*Directions for this task:* No pictures go into the copy. Write out every line below exactly.

*Given information:*
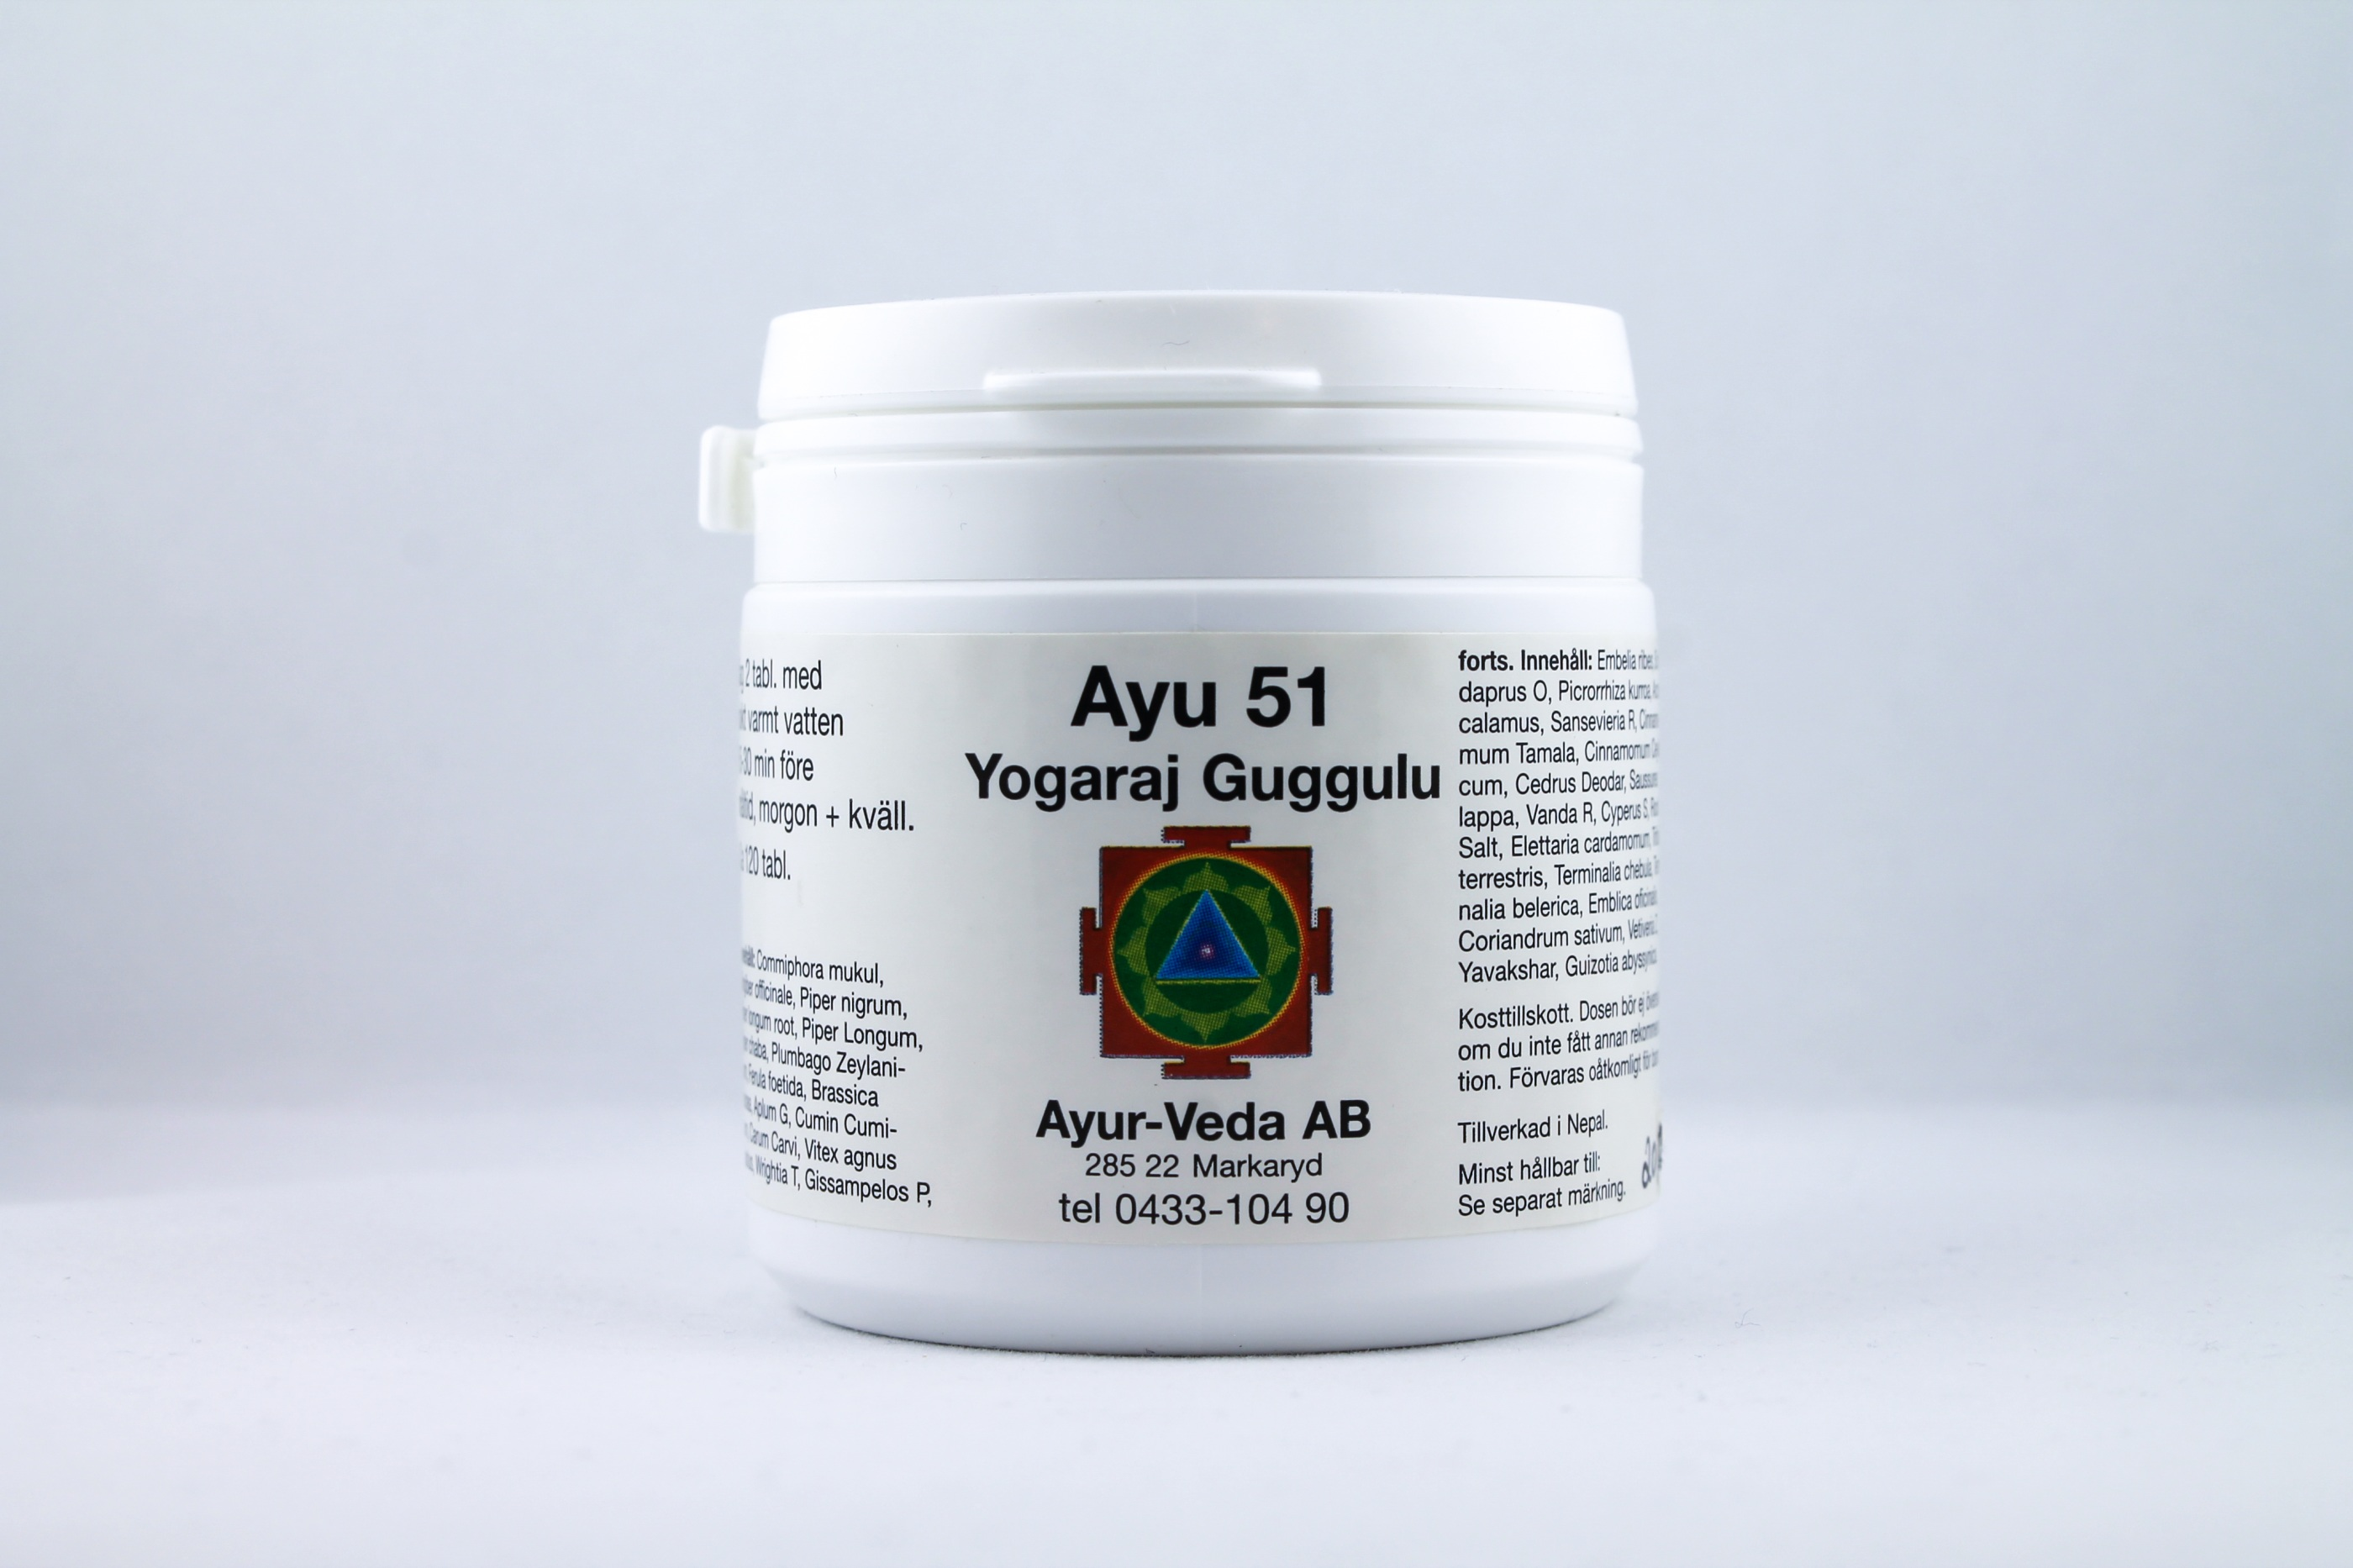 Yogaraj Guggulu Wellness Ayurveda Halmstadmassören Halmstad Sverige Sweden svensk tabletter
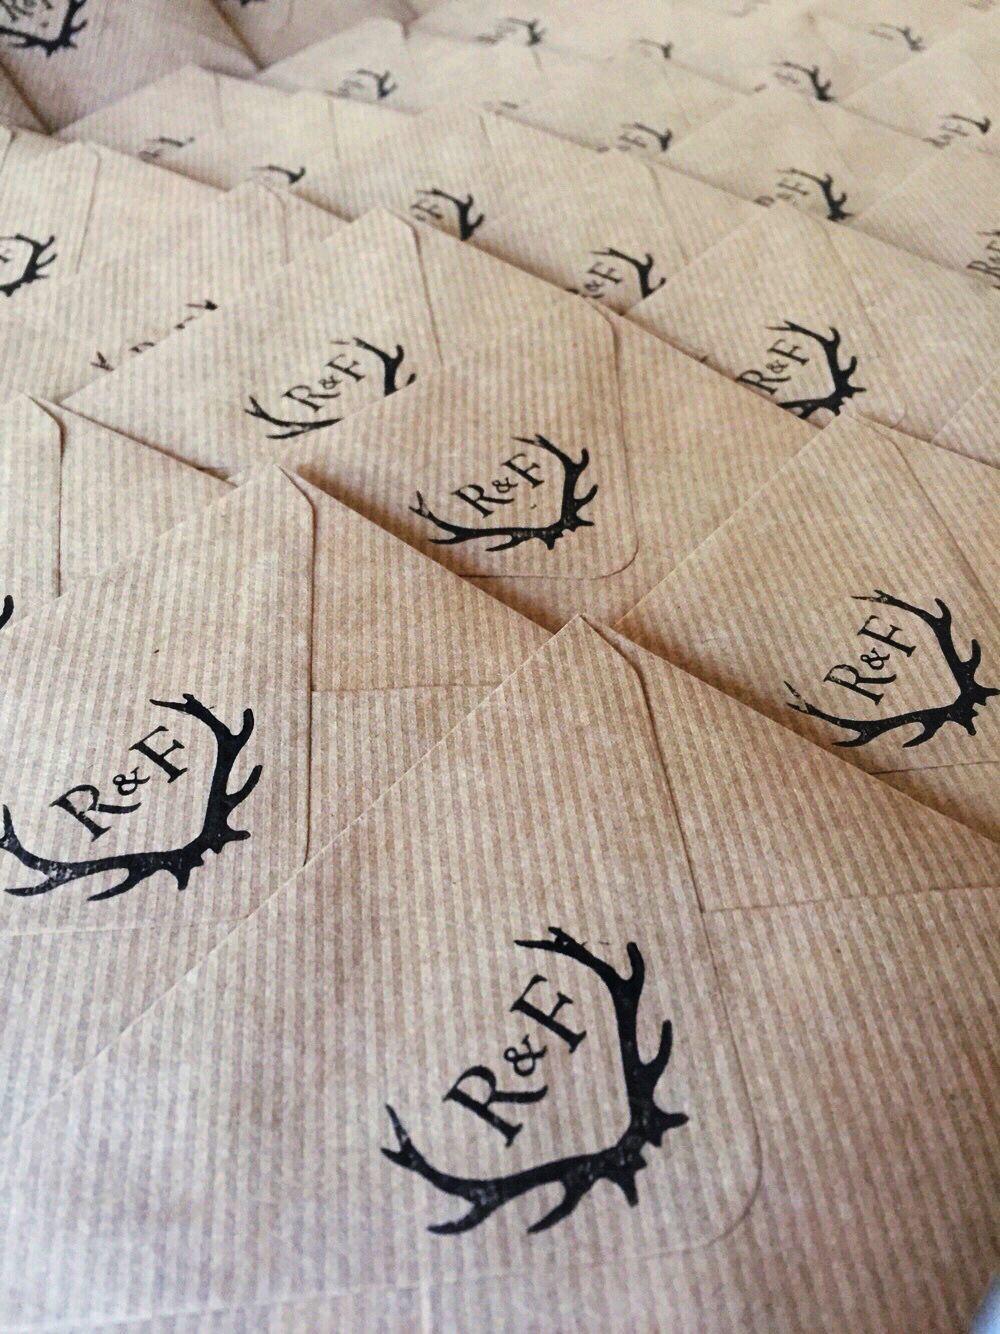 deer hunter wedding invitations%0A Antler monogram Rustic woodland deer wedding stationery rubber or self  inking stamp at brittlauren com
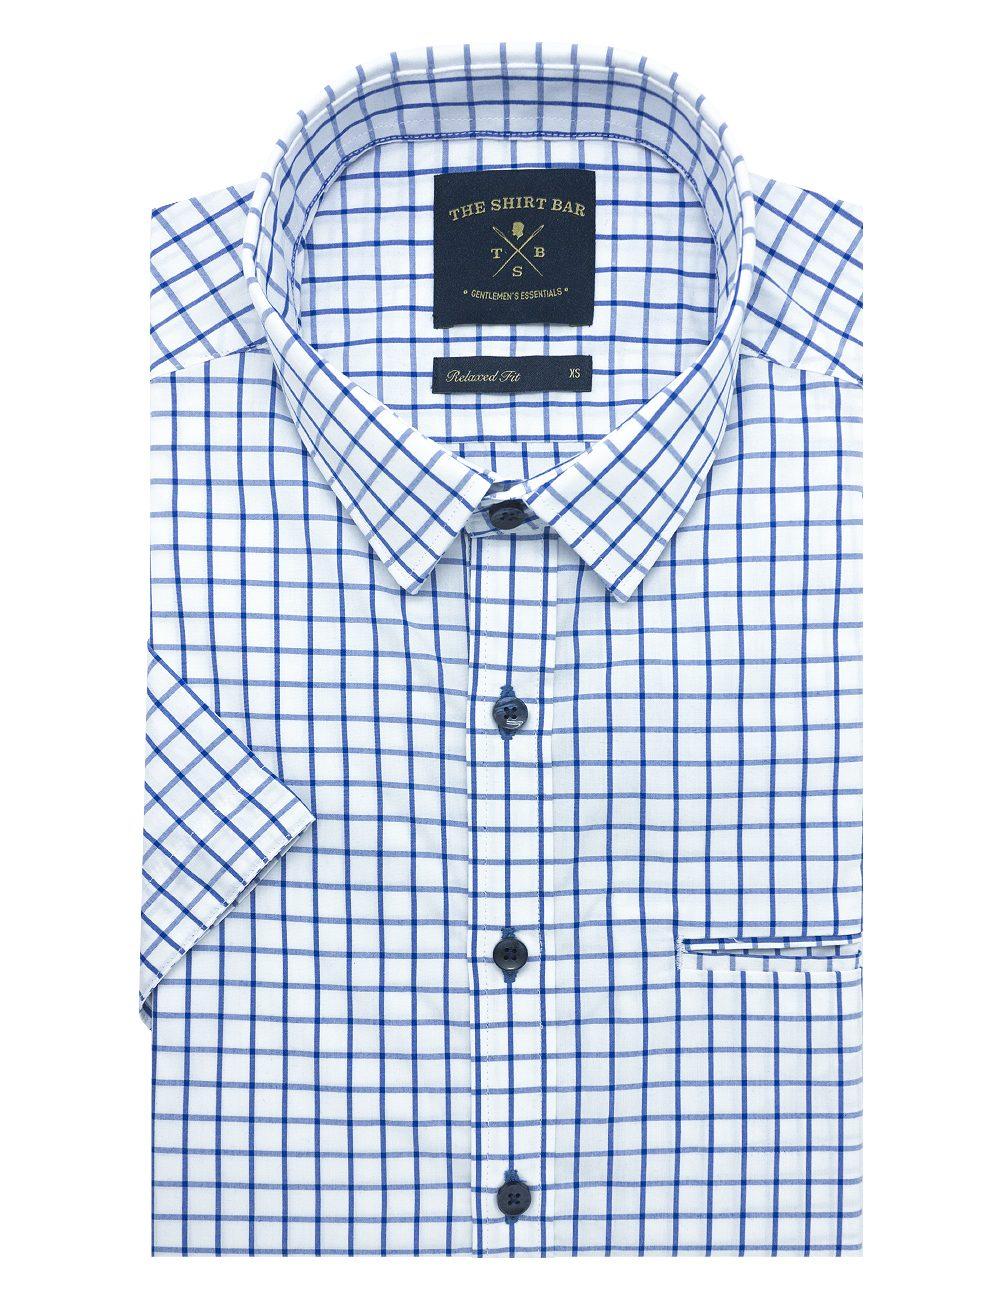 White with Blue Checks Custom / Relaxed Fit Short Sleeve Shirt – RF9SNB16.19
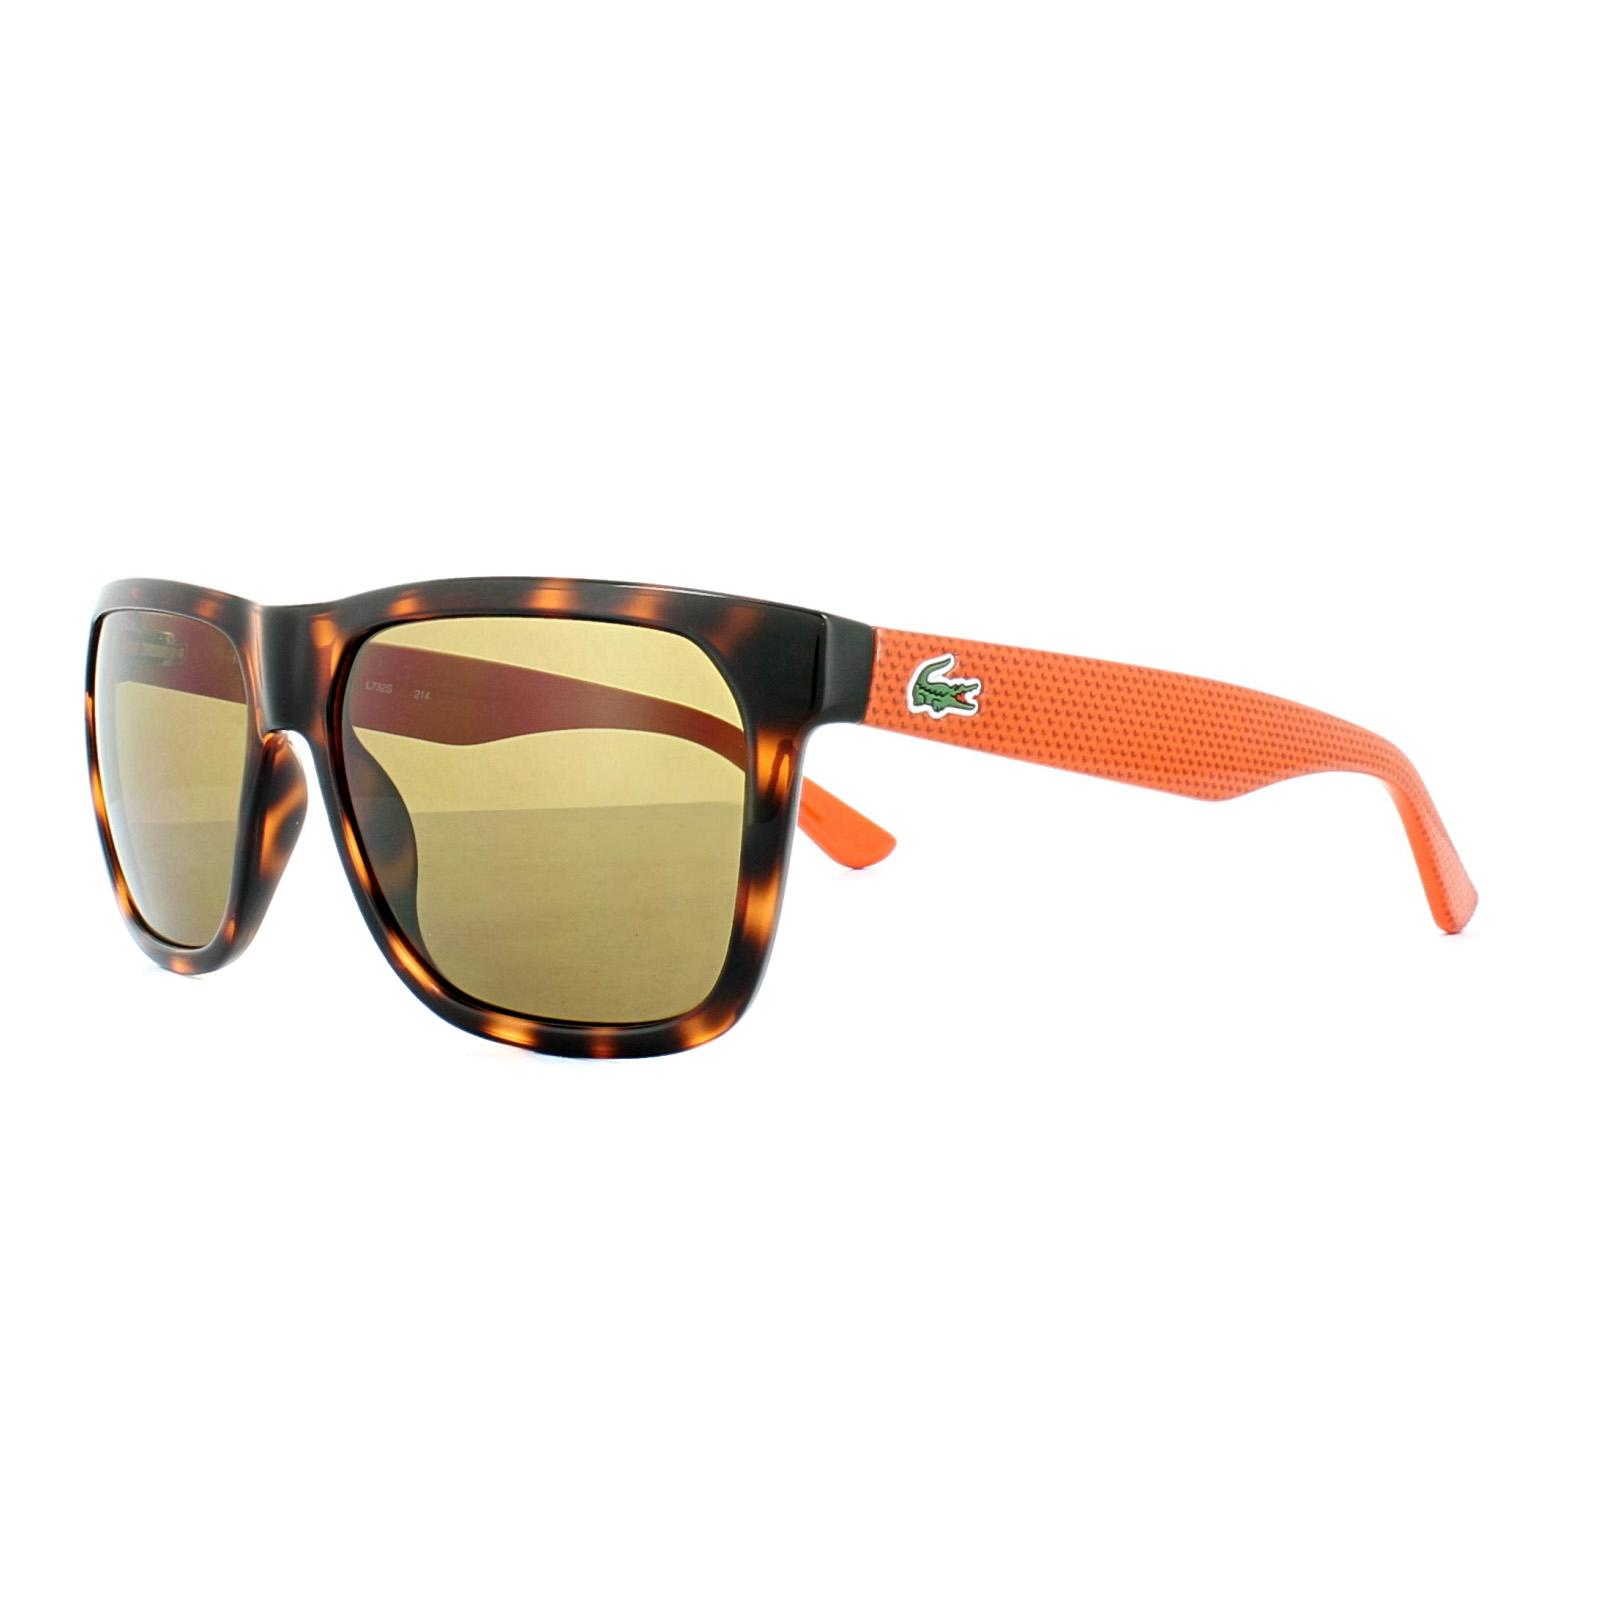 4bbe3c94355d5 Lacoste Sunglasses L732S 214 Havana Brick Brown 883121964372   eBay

*Result for this task:*
 Yogaraj Guggulu Wellness Ayurveda Halmstadmassören Halmstad Sverige Sweden svensk tabletter
 deer hunter wedding invitations%0A Antler monogram Rustic woodland deer wedding stationery rubber or self  inking stamp at brittlauren com
 White with Blue Checks Custom / Relaxed Fit Short Sleeve Shirt – RF9SNB16.19
 4bbe3c94355d5 Lacoste Sunglasses L732S 214 Havana Brick Brown 883121964372   eBay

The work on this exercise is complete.